Galen Baxter, a quiet gentleman, son, brother, husband, father, World War II veteran, American worker, world traveler, plantsman, member of the American Rhododendron Society and longtime Florence resident, passed away June 15, 2012. He was 87.
Galen was born June 12, 1925, in the Oklahoma Panhandle, to early settlers Robert and Maud (Clark) Baxter. Galen was interested in growing plants from seed by the age of 6. After graduating from Rosston High School in Rosston, Okla., he enlisted in the U.S. Navy in 1943 to become a signalman and ended up spending 18 months in the Solomon Islands.
Signalmen were responsible for transmitting, receiving, encoding, decoding and distributing messages obtained via the visual transmission systems of flag semaphore, visual morse code, and flaghoist signaling.
After the war, Galen stayed on the West Coast and eventually moved to Eureka, Calif., where he met Helen March. They married Nov. 8, 1952, then moved to Grants Pass, Ore., where their first son, Roger, was born, and Galen bought his first rhody (“J.H. Van Ness”).
The family, including J.H., moved to Florence in 1955. Later that year their second son, Donald, was born.
In 1957, Galen joined the American Rhododendron Society (ARS) and started raising rhodies from seed, most obtained from the Royal Horticultural Society and the ARS. Soon after, he started a floral nursery. He was a member of the ARS Eugene Chapter and a founding member of the Siuslaw Chapter, for which he served as program chairman, two terms as president, show judge and general rhody advocate to all.
For his contributions, the Siuslaw Chapter awarded him its Bronze Medal.
Galen was an avid outdoorsman. He loved fishing, hunting and camping. He taught both his sons to hunt and fish and how to survive in the woods at a very early age. He taught them how to garden, although they didn’t always appreciate that until they were adults.
Galen and Helen loved to travel. They attended many rhododendron conferences, including one in New Zealand. They traveled to more than 20 different countries and, in 1995, after selling their plants and property, traveled for nine months around the United States.
In 1997, Galen and six others joined Steve Hootman on a rhody trek in Sikkem.
Later in 1997, Galen had a serious illness.

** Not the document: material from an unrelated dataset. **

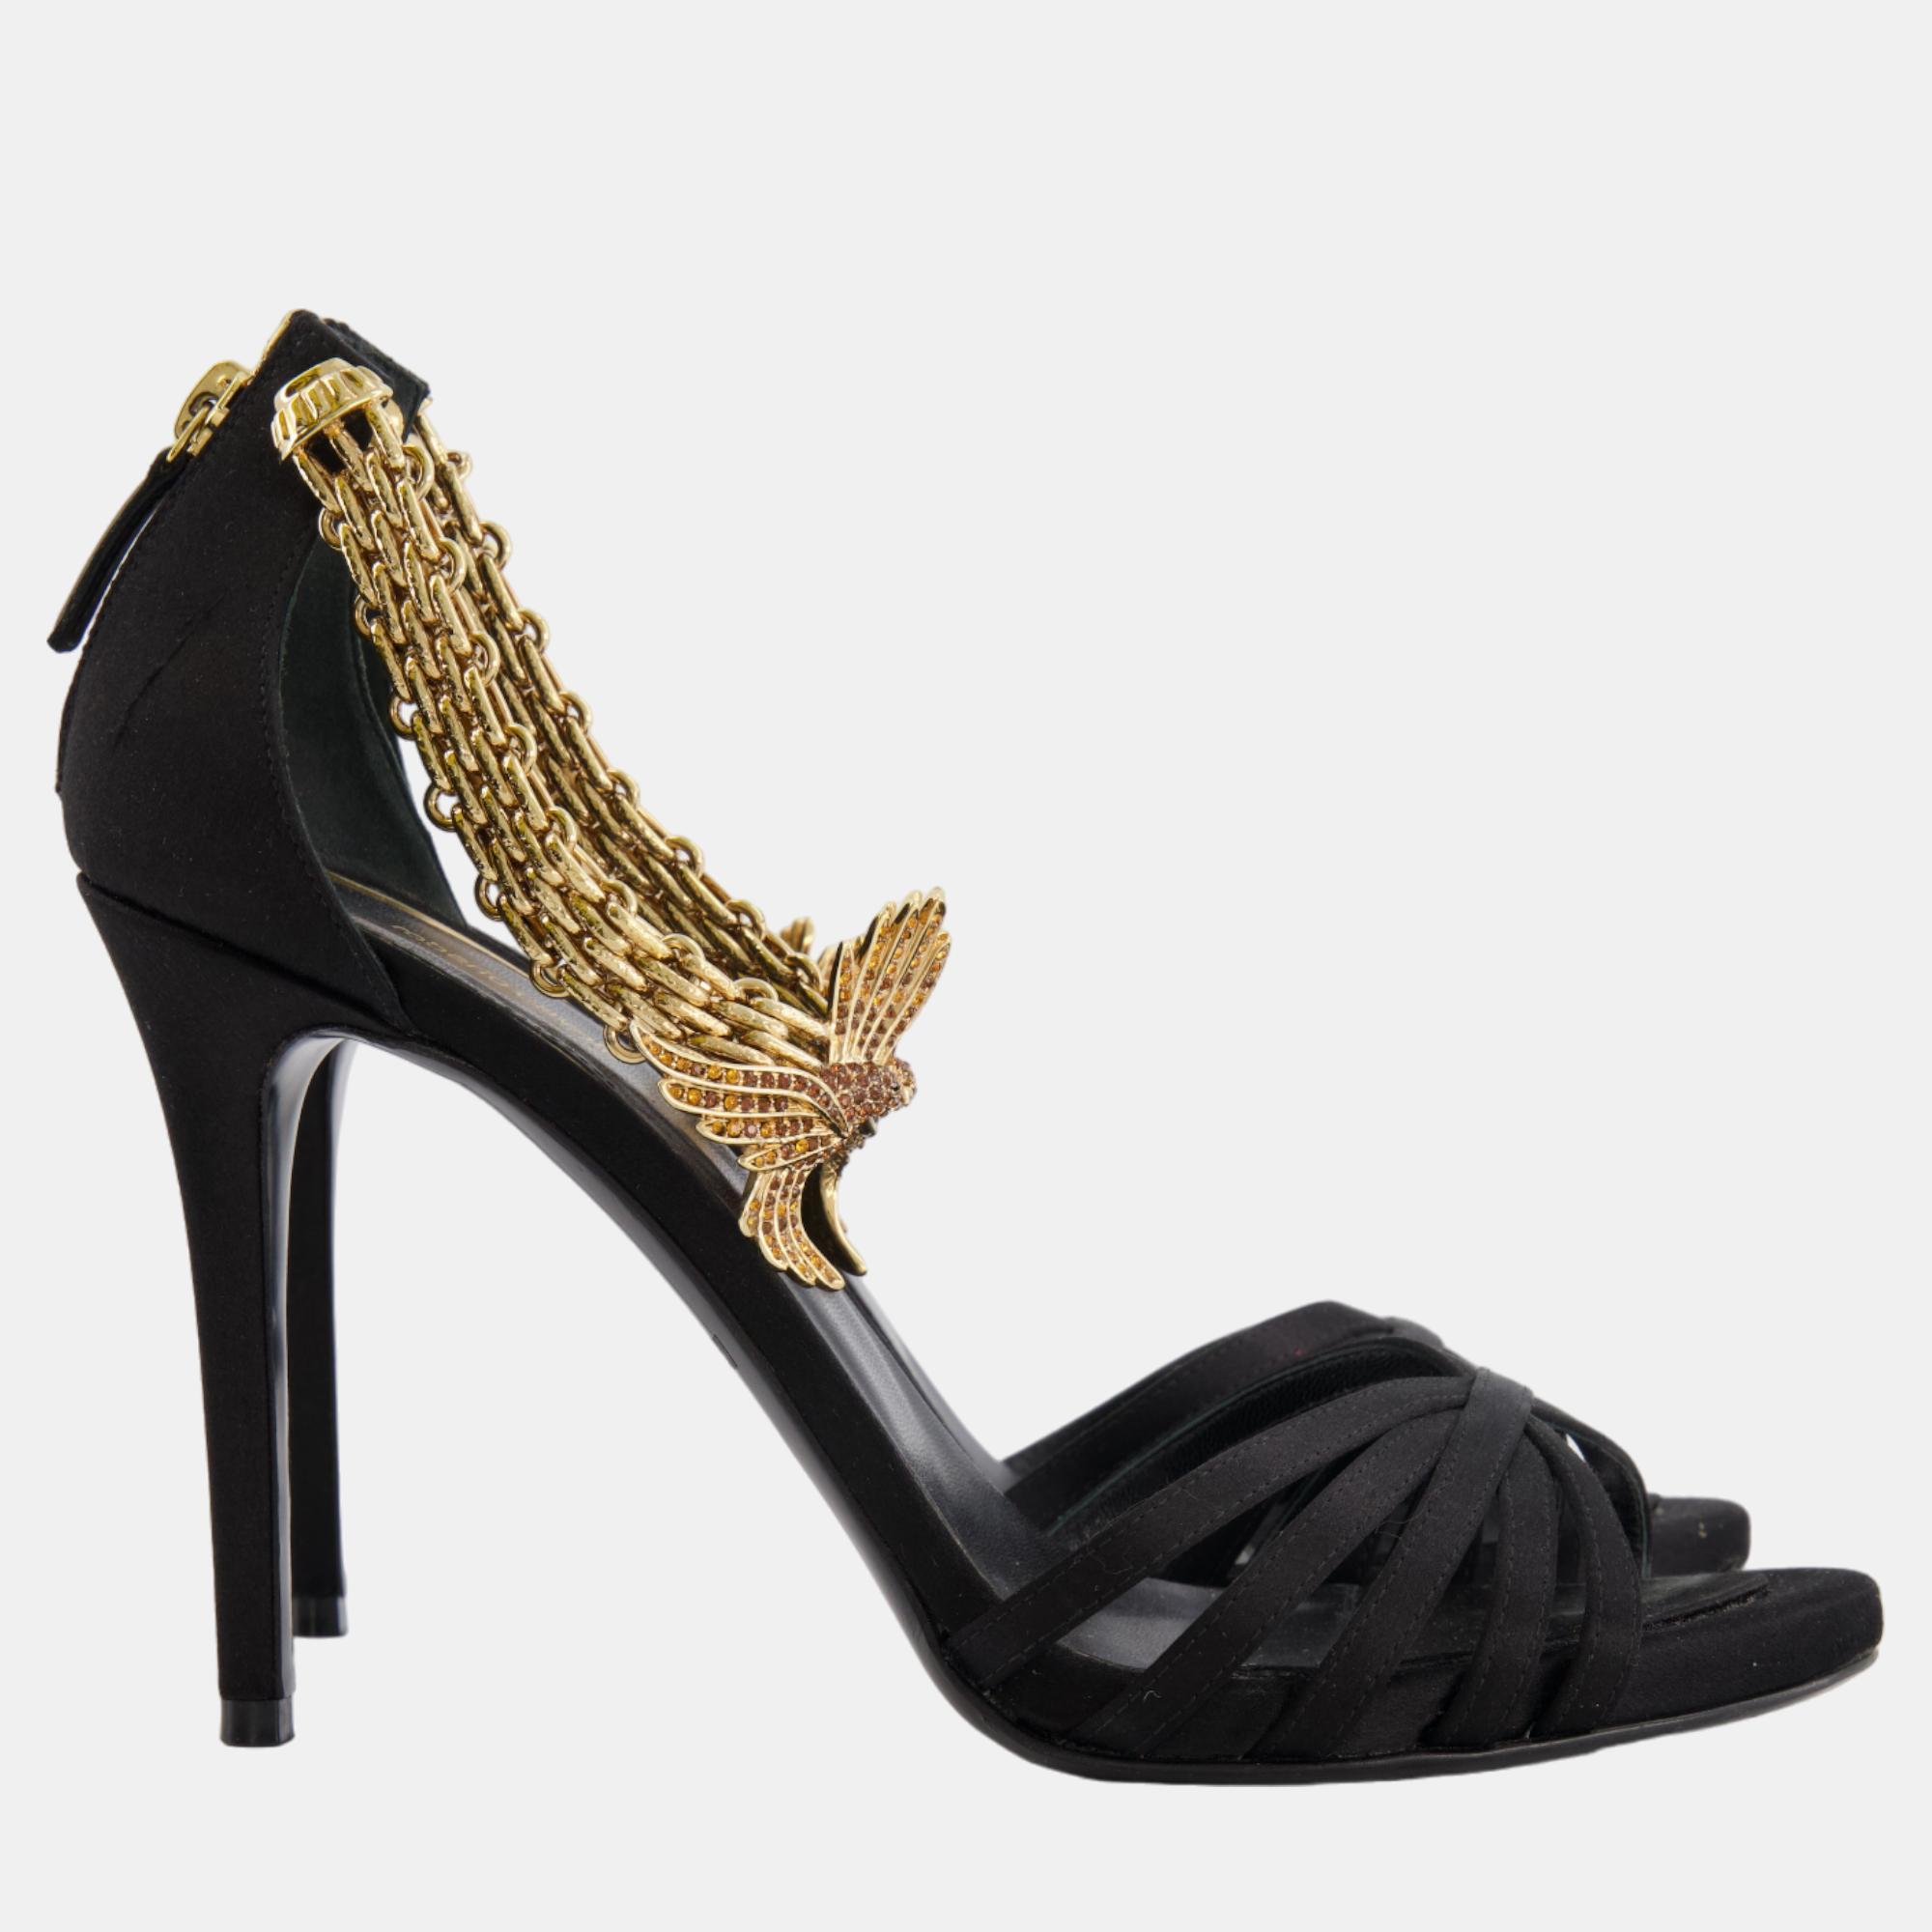 Roberto cavalli black sandal heels with crystal gold ankle-strap details size 39.5

He and Helen moved to west Eugene, where their place is known as “The Jungle” because the property is filled with rhododendrons.
Galen accomplished all of this while working 34 years for International Paper.

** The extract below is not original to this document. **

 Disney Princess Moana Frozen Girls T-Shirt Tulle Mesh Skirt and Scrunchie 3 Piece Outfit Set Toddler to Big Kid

He is survived by his wife, Helen; two sons: Roger and Linda Baxter and Donald and Colleen Baxter; a grandson, Colby Baxter; a granddaughter, Trista Baxter; and numerous nieces and nephews. He was preceded in death by three brothers and two sisters.

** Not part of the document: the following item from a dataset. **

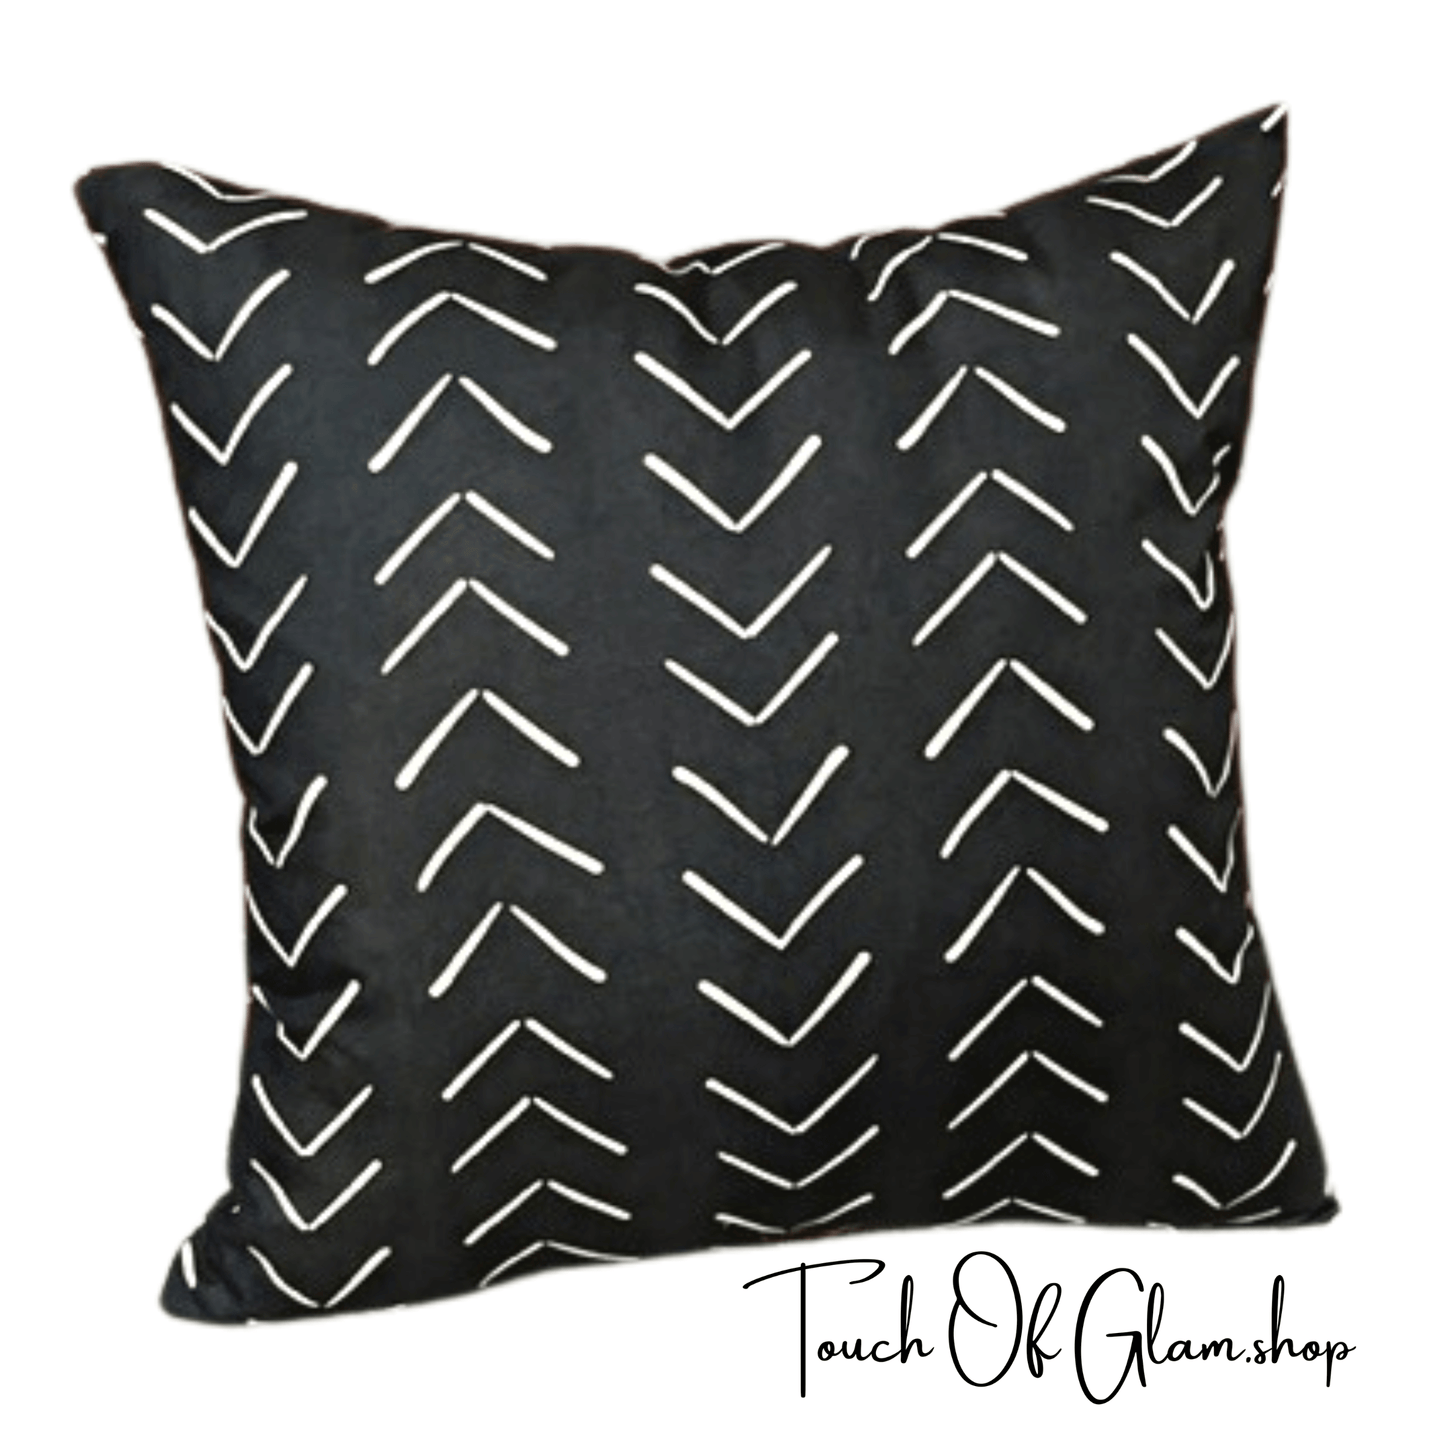 Wholesale Throw Pillow Cover: Black Southwest, Tribal Pillow

A celebration of life will be held Sunday, July 15, at noon, at the Summerfield Estates Club House, 1840 Summerfield in Eugene. A private graveside ceremony with military honors will be held at Roseburg National Cemetery. Memorial contributions may be made to the Florence Area Humane Society or the American Rhododendron Society Chapter of choice.
Musgrove Family Mortuary was in charge of arrangements.